I'm trying to get clarification on the ARM core implementation of AMBA CHI bus atomics when big-endian mode is enabled.

There is an implementation in the ARM-ARM for CPU local atomics that endian swaps the incoming and outgoing memory as written to the memory sub-system. The operands for the atomic are not endian swapped, which makes sense because the CPU is working in the target endian mode already.

So the question is whether for remote bus atomics, does the core send the raw operand in the bus atomic operation or does it send the operand in bus native order.

It SEEMS like with this statement from the CHI spec:

" • The position of data bytes in the NonCopyBackWriteData or any CompData packet matches the endianness of the operation, as specified in the Endian field of the request."

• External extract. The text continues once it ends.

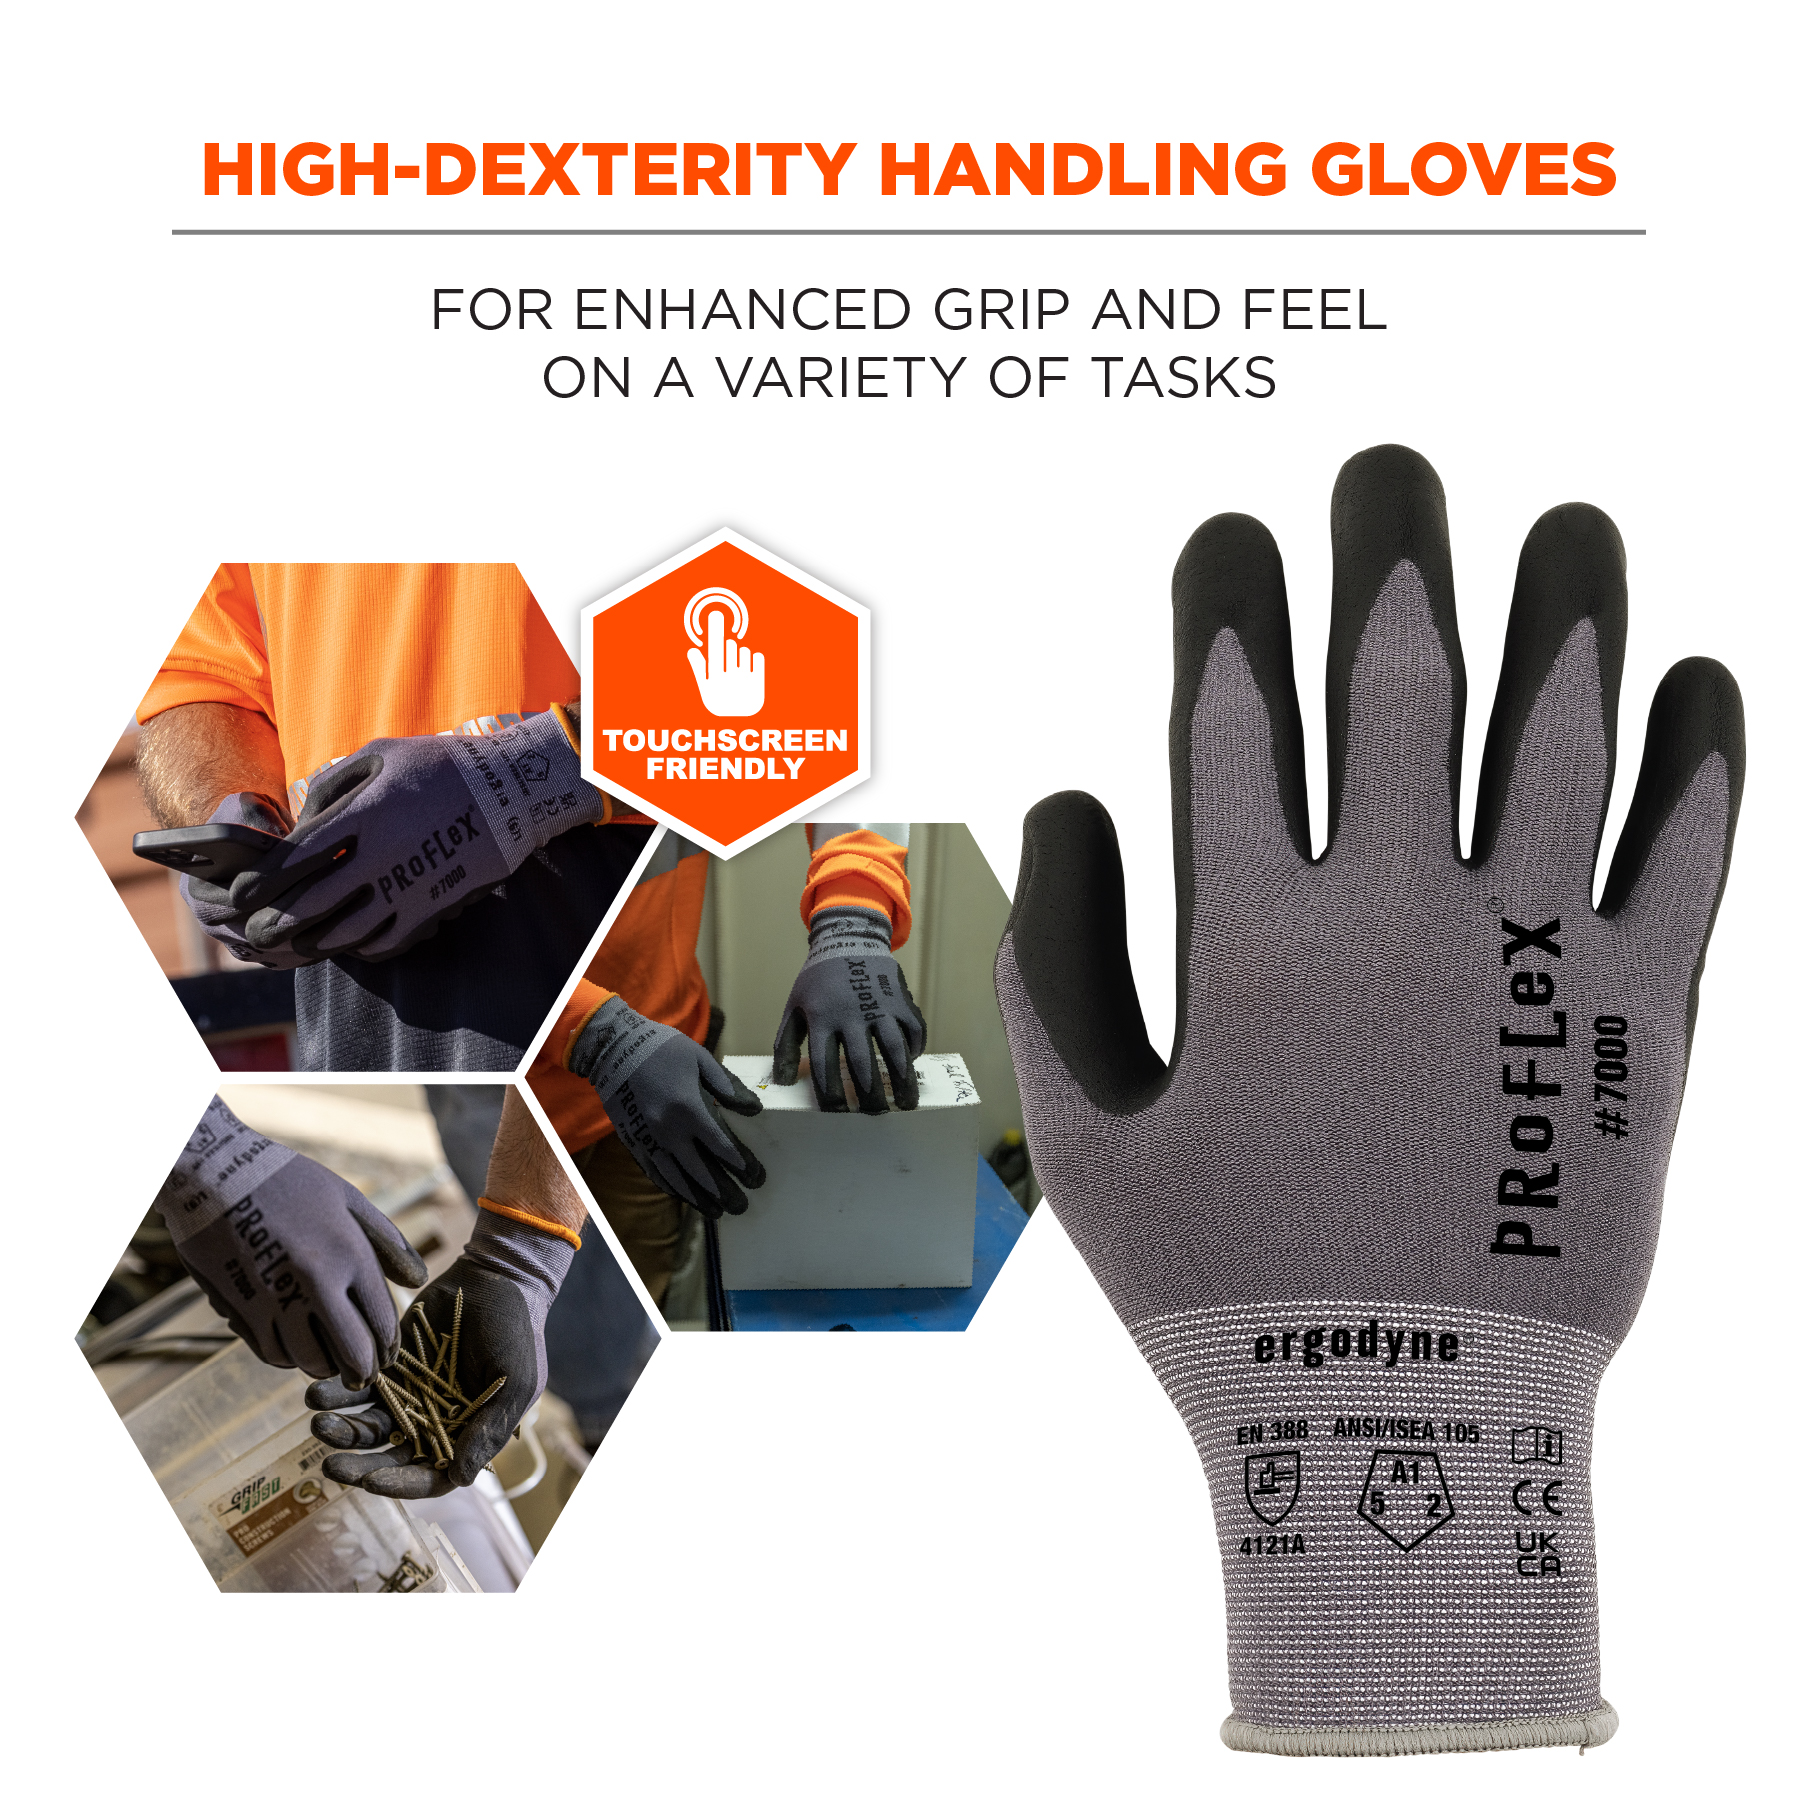 https://www.ergodyne.com/sites/default/files/product-images/10371-7000-nitrile-coated-gloves-microfoam-palm-gray-high-dexterity-handling-gloves_0.jpg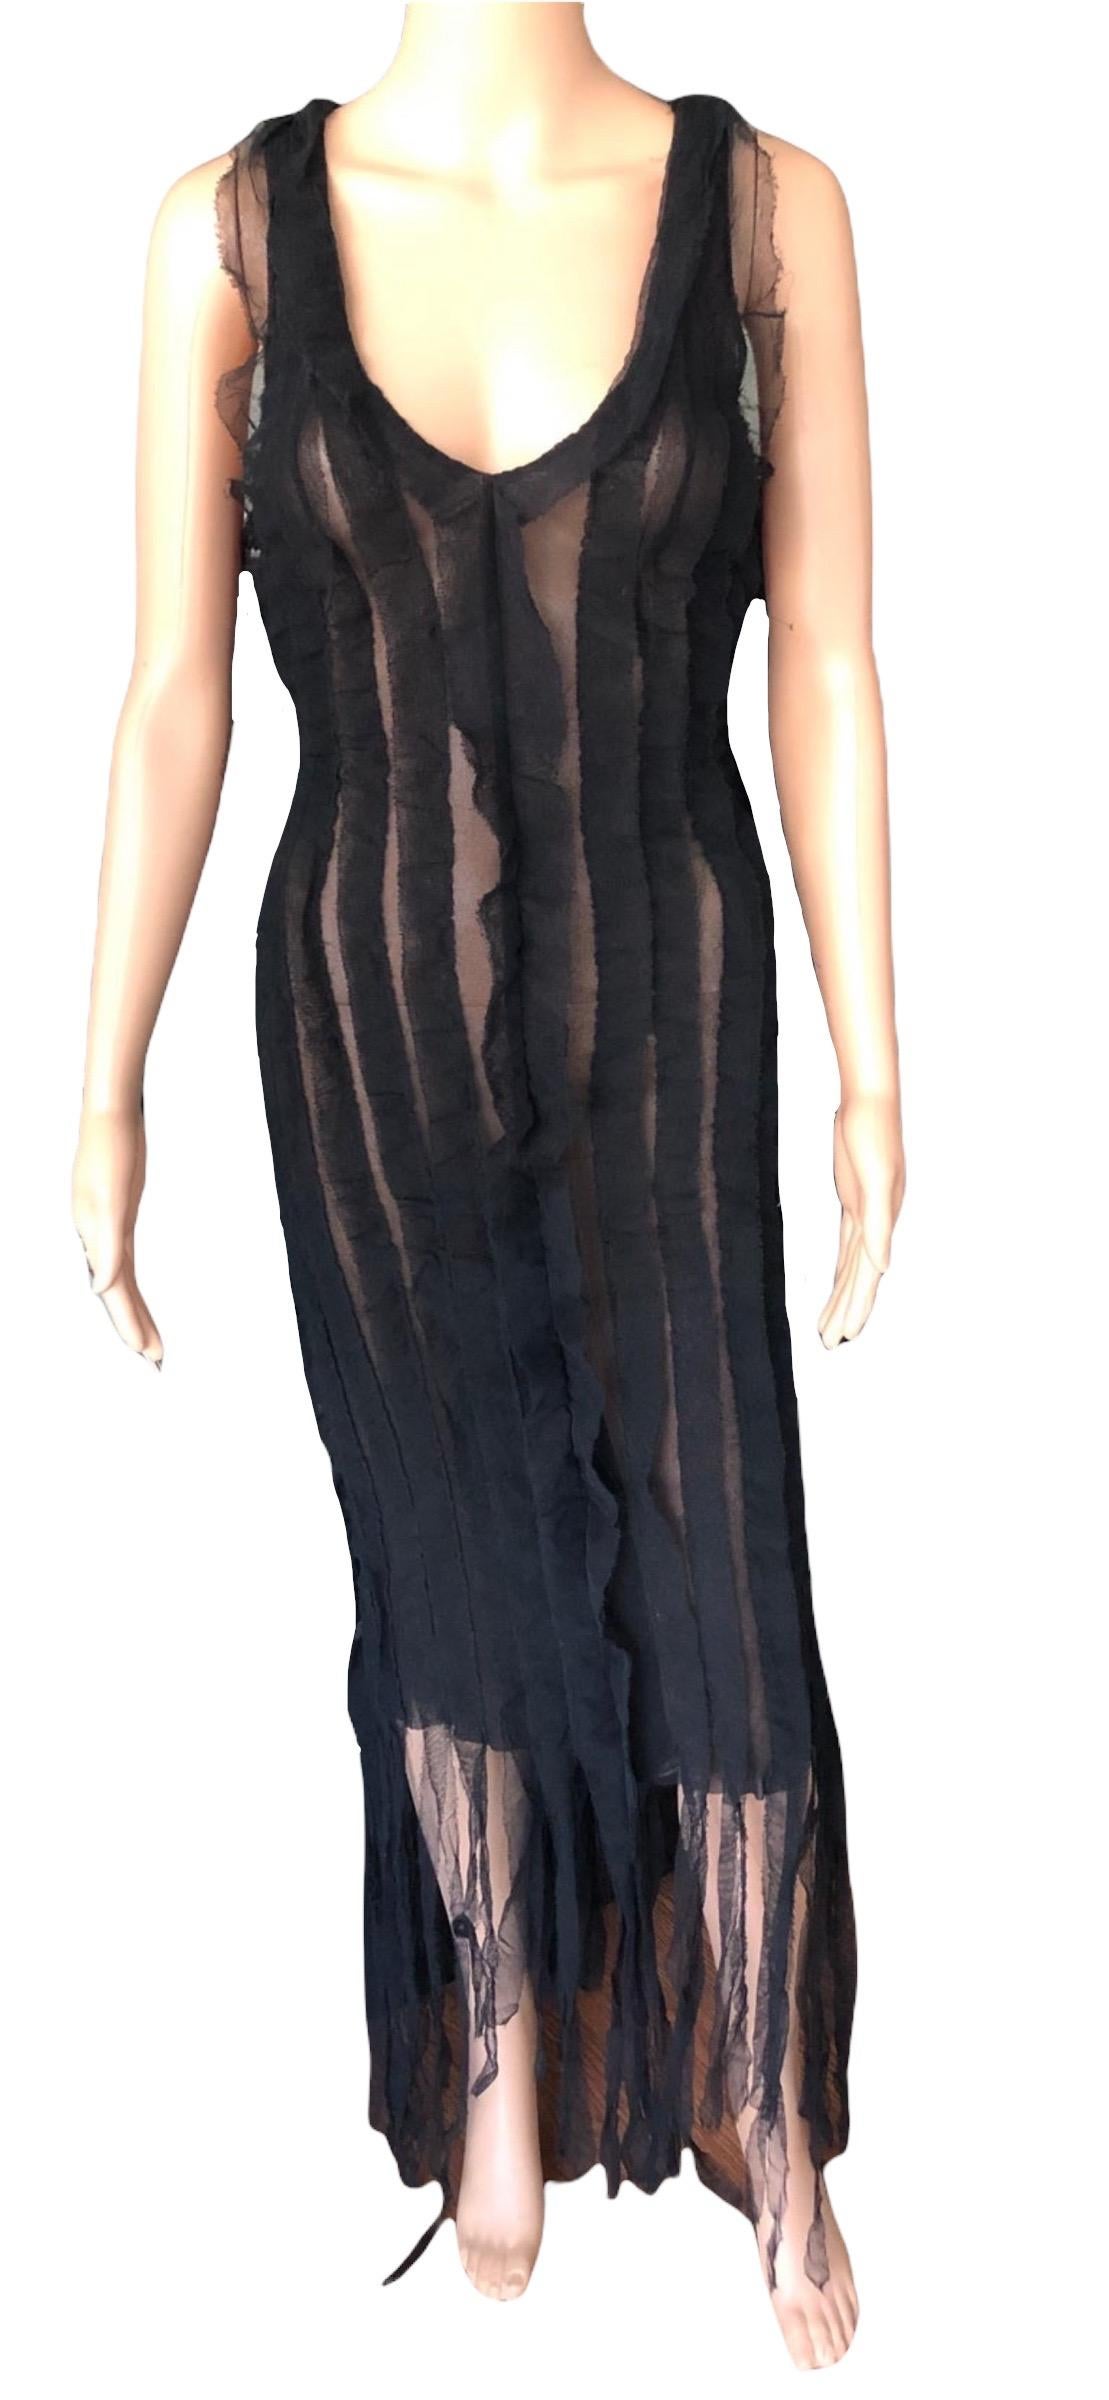 Jean Paul Gaultier c.1990 Vintage Semi-Sheer Fringe Mesh Black Dress 5

... implies that the operands to the Atomic* are sent in big-endian byte order and the results of the atomic are also sent back in big-endian byte order.

Looking at the ARM-ARM implementation of local atomics as guidance, but it isn't possible to tell the core expectations for remote atomics. Would the remote implementation would be exactly like the local implementation except that the "old" values stored in memory would be converted to big-endian when returned as a result of the atomic operation.

In other words, is this the expected implementation for a remote atomic?

CPU request - AtomicStoreAdd - big-endian

CPU data - send operand to AtomicStoreAdd as big_endian in NonCopyBackWriteData

Remote side - read atomic address from memory as olddata

Remote side - send big_endian_swap(olddata) to CPU as CompData

Remote side - perform atomic add using un-swapped operand from NonCopyBackWriteData + big_endian_swap(olddata)

Remote side - perform memory write of big_endian_swap( NonCopyBackWriteData + big_endian_swap(olddata) ), which effectively stores the data back as bus order, like the core expects when doing local atomics and loading that memory.